PROBLEM REQUIREMENTS>
Restate word for word the lines below that run from the one holding "Wood, Robert W." through the one holding "Pencil texture or background #260143640", inclusive. Pictures don't belong in the copy.

ENTRIES SHOWN>
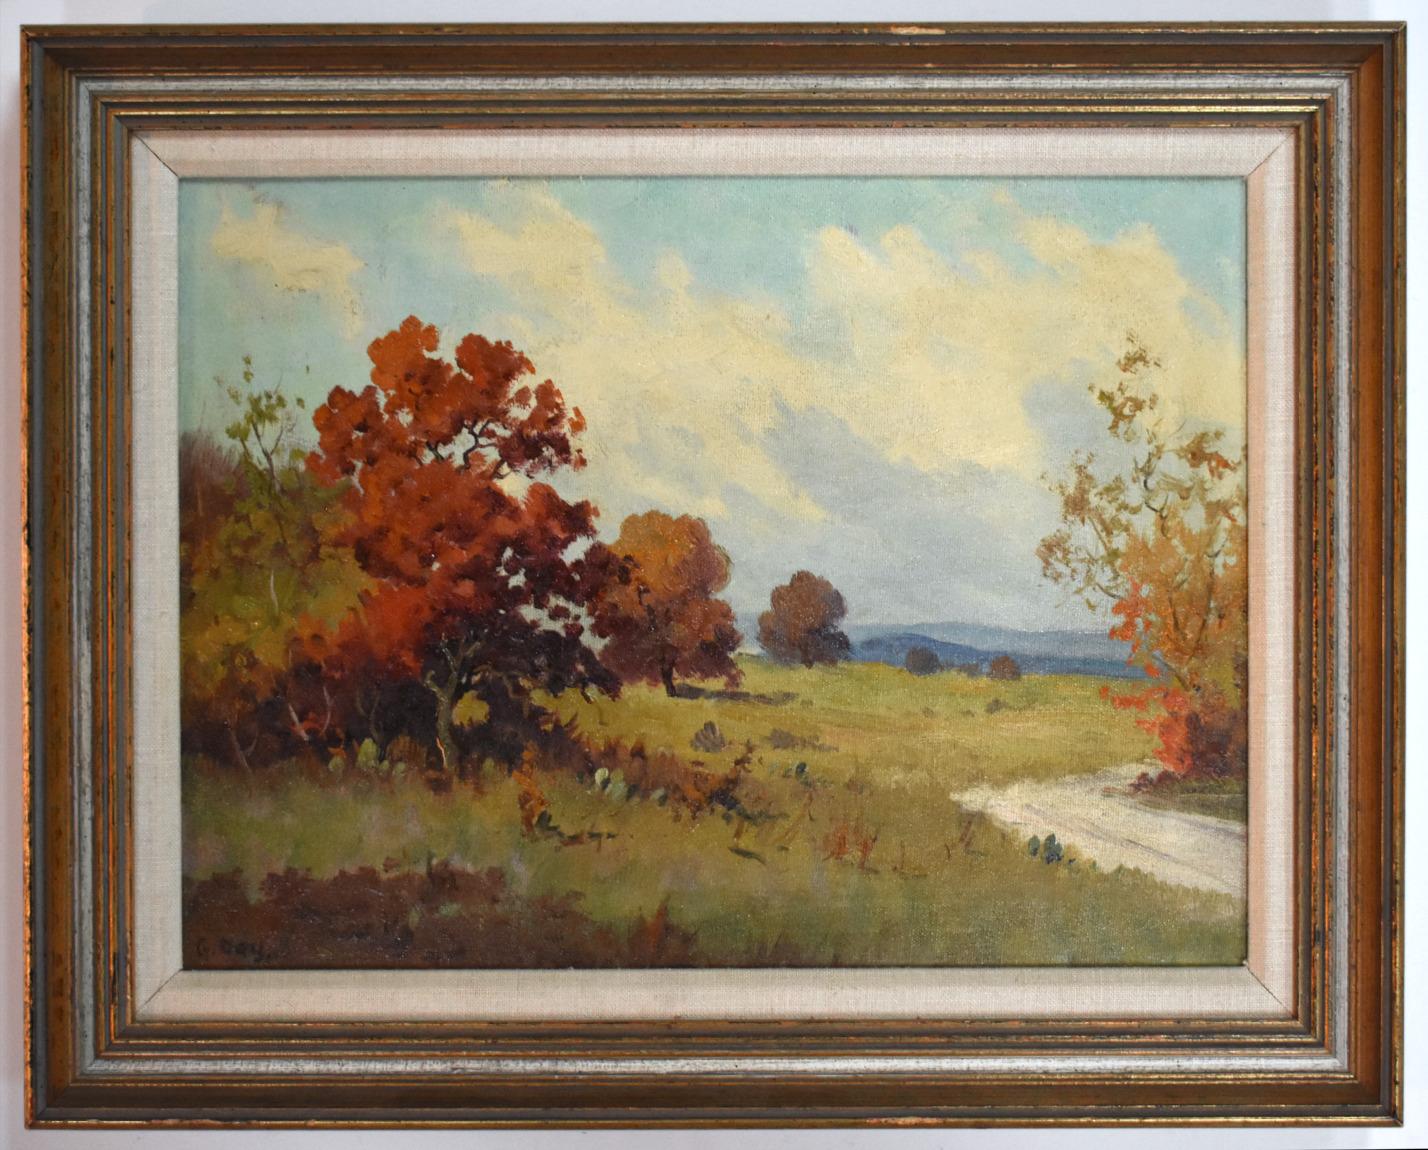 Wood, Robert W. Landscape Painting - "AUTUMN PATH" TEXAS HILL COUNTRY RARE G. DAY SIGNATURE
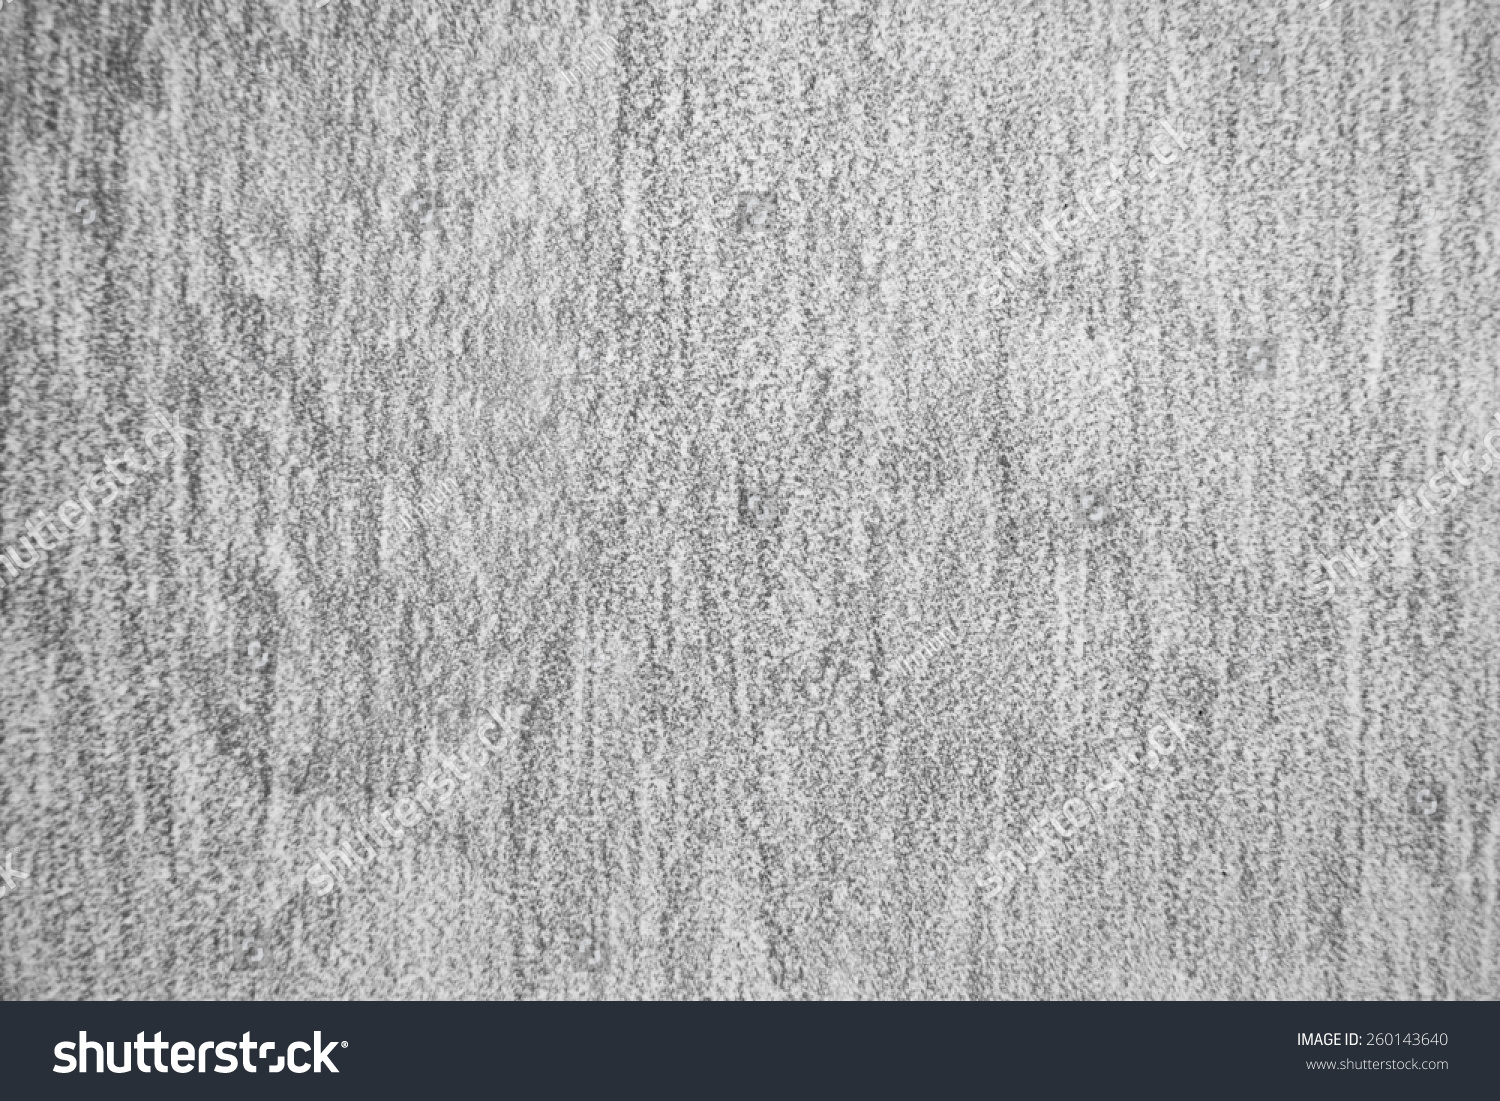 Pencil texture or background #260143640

---

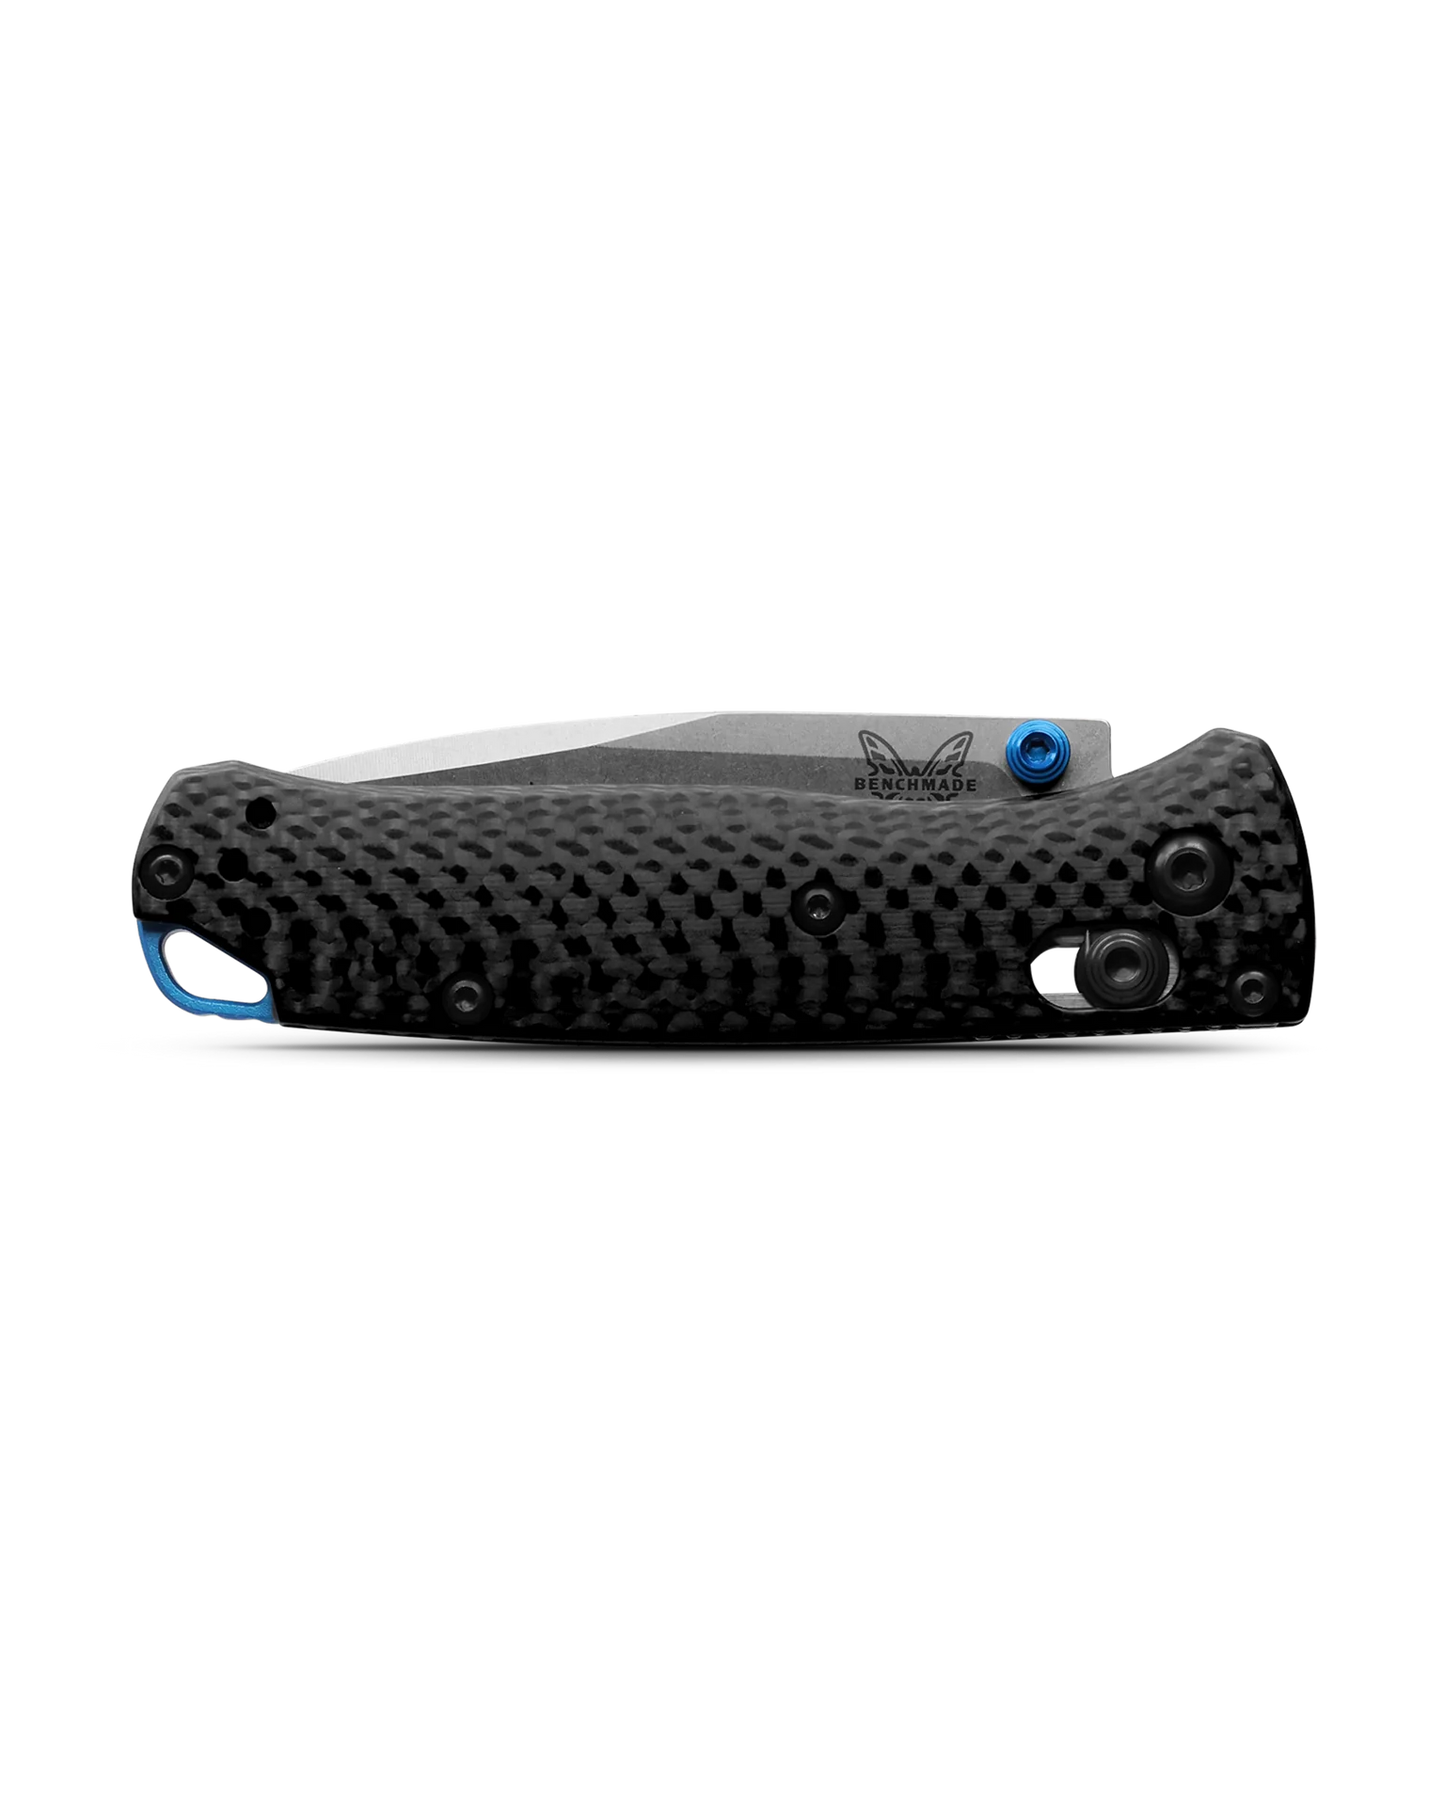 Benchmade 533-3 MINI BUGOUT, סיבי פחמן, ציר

ANSWER SECTION>
 Wood, Robert W. Landscape Painting - "AUTUMN PATH" TEXAS HILL COUNTRY RARE G. DAY SIGNATURE
 Pencil texture or background #260143640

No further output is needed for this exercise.